Against Inter in the final, Bayern’s luck finally ran out. They enjoyed over 60 per cent of the possession and Robben gave left back Cristian Chivu the run around for 25 minutes. But possession doesn’t equal domination. ITV commentator Clive Tyldesley was simply talking codswallop when he claimed that Bayern had ‘controlled the game’. Inter soaked up the pressure and restricted Bayern to long range efforts. And they were swift and clinical on the break. It you want an object lesson in how to control a game without possession, Inter provided it. This was classic counter-attacking football.
Football isn’t only about attacking. Defending is no less important. Stop the other side from scoring and you can’t lose. Only philistines fail to appreciate the virtues of a well-drilled defence. Defending is an art form in its own right although only the Italians – and of course Mourinho – seem to appreciate this.
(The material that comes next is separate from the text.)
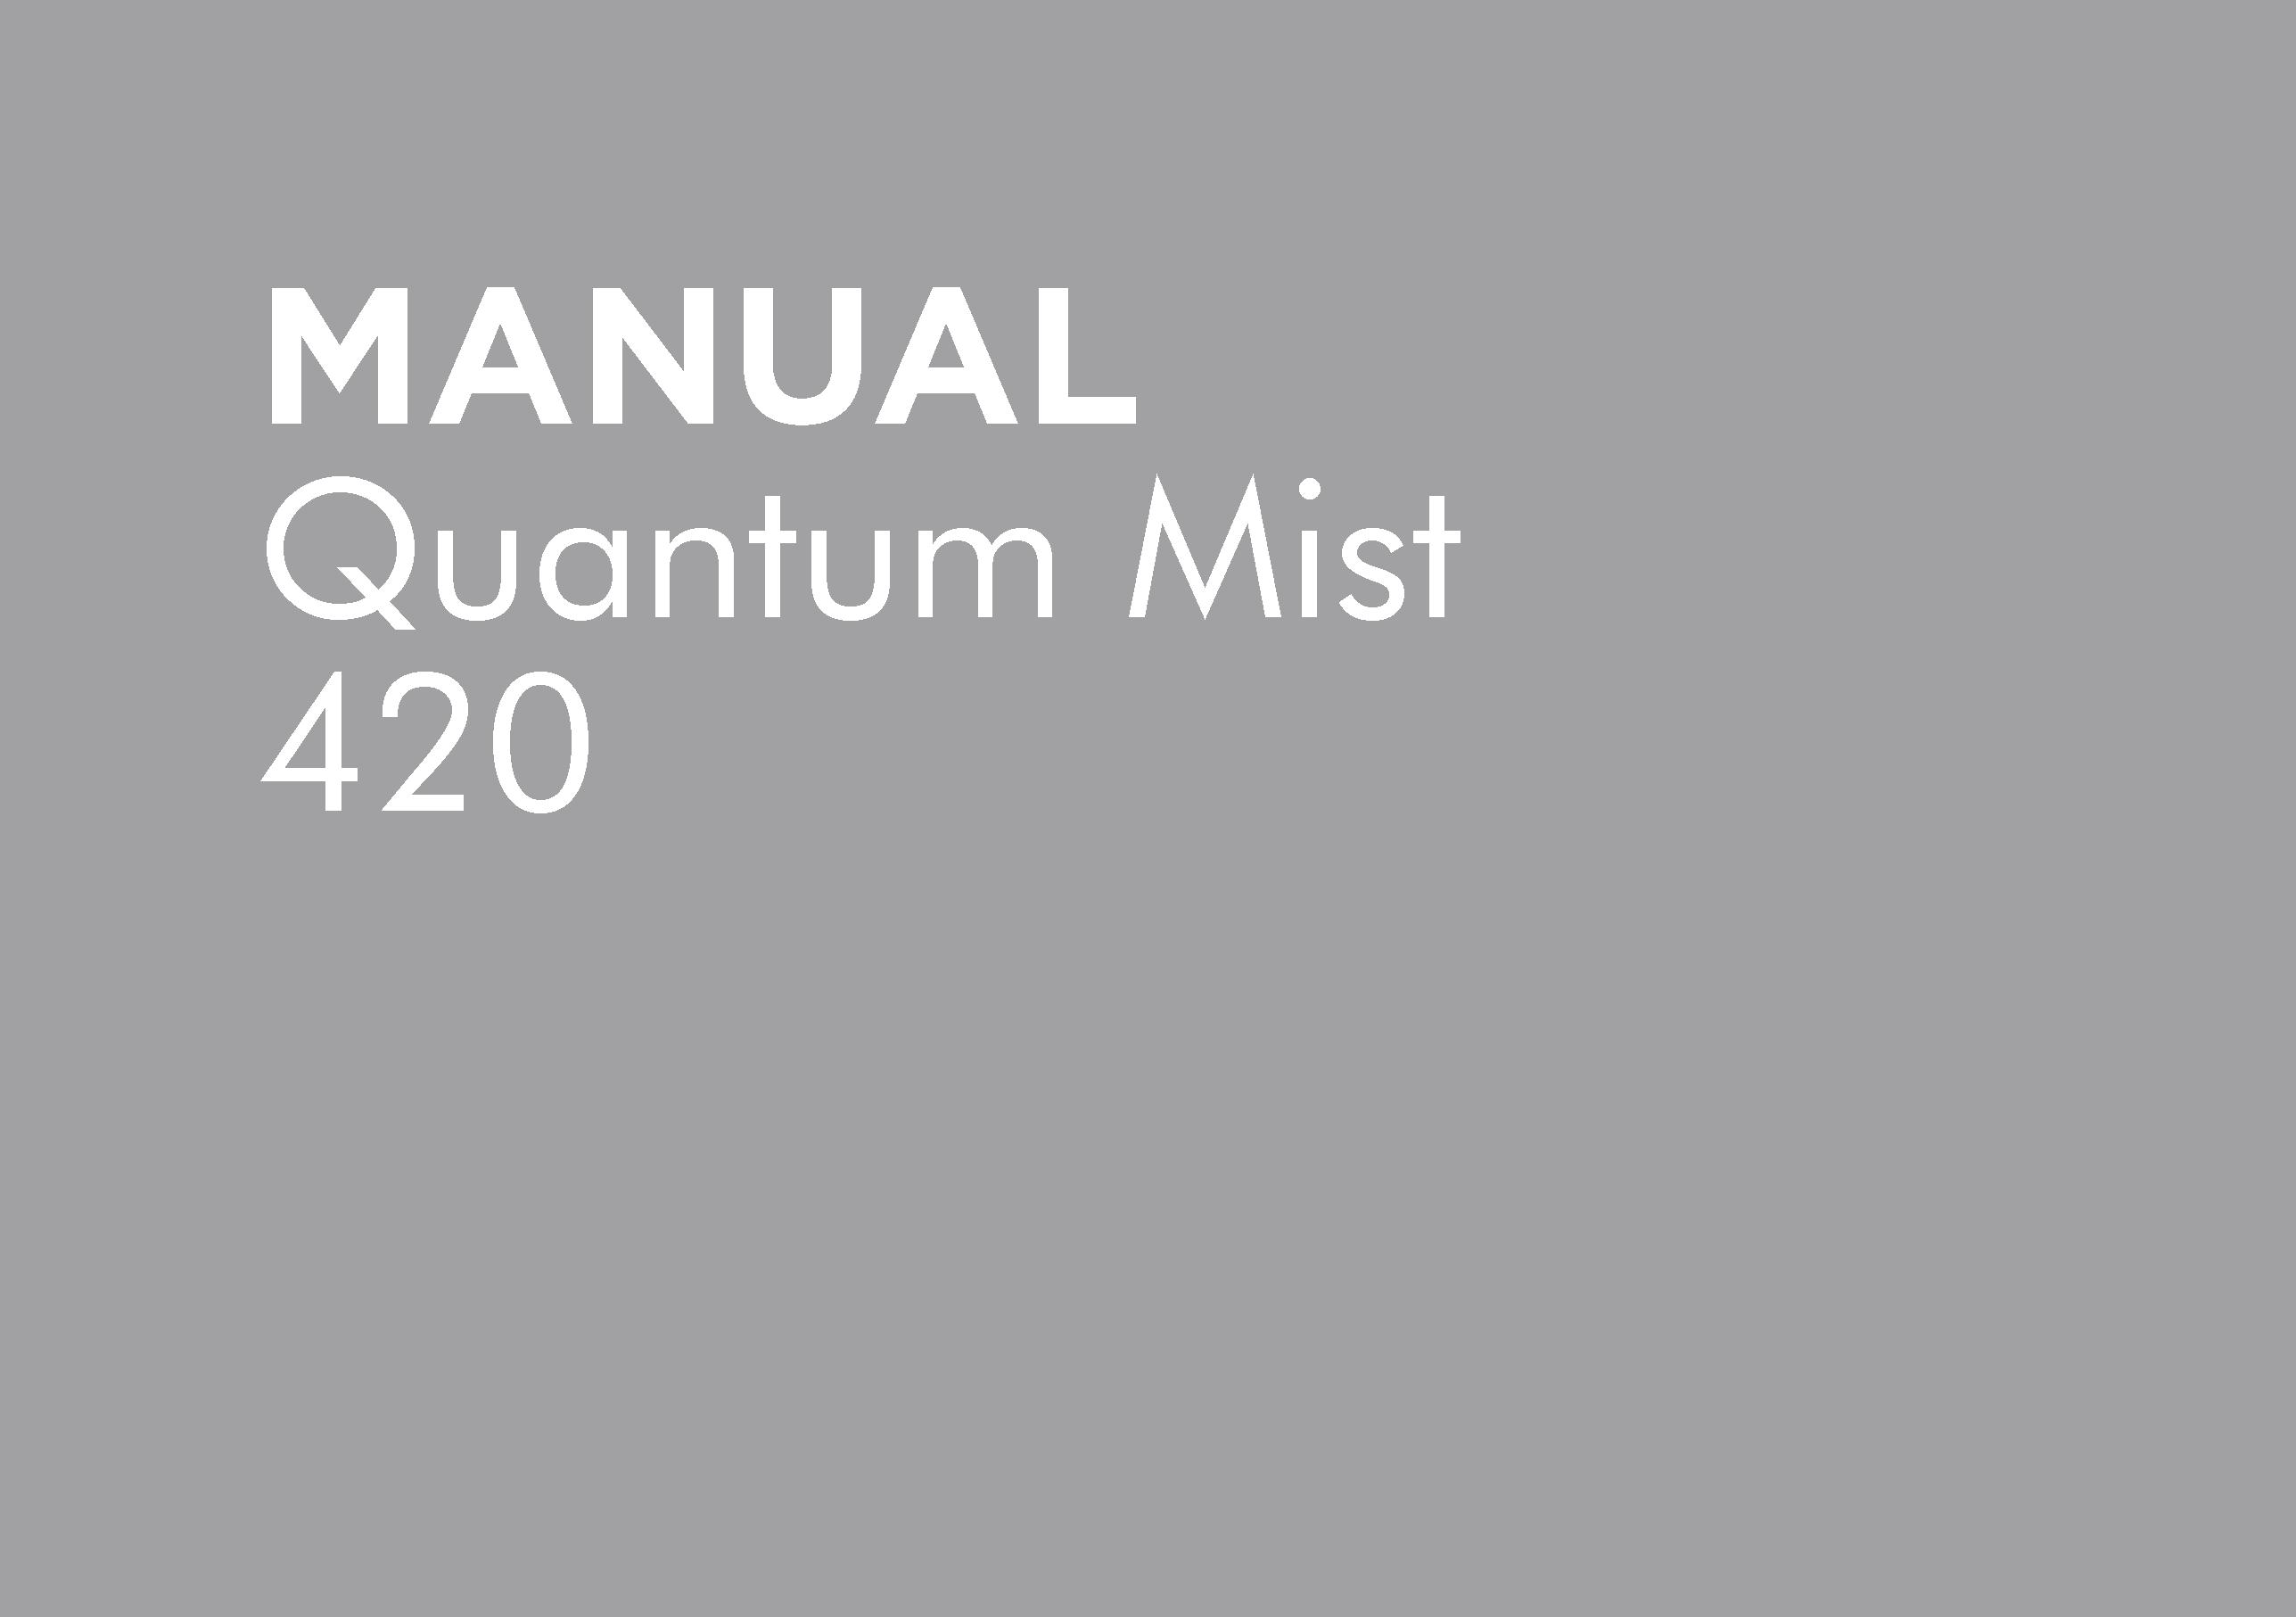 HT-OMQM420-A – QUANTUM MIST 420 SPRAYERS_WEB

Against Bayern, Inter showed not only how to defend with discipline and patience but how to strike with pace and precision on the counter-attack. You didn’t see interminable passing triangles but – whisper it – Milito’s goals were aesthetically pleasing in their own right. It’s time we did away with the lazy polarity of winning versus beautiful football. As the Inter fans who partied last Saturday night away will testify: winning is beautiful.
Duleep Allirajah is spiked’s sports columnist.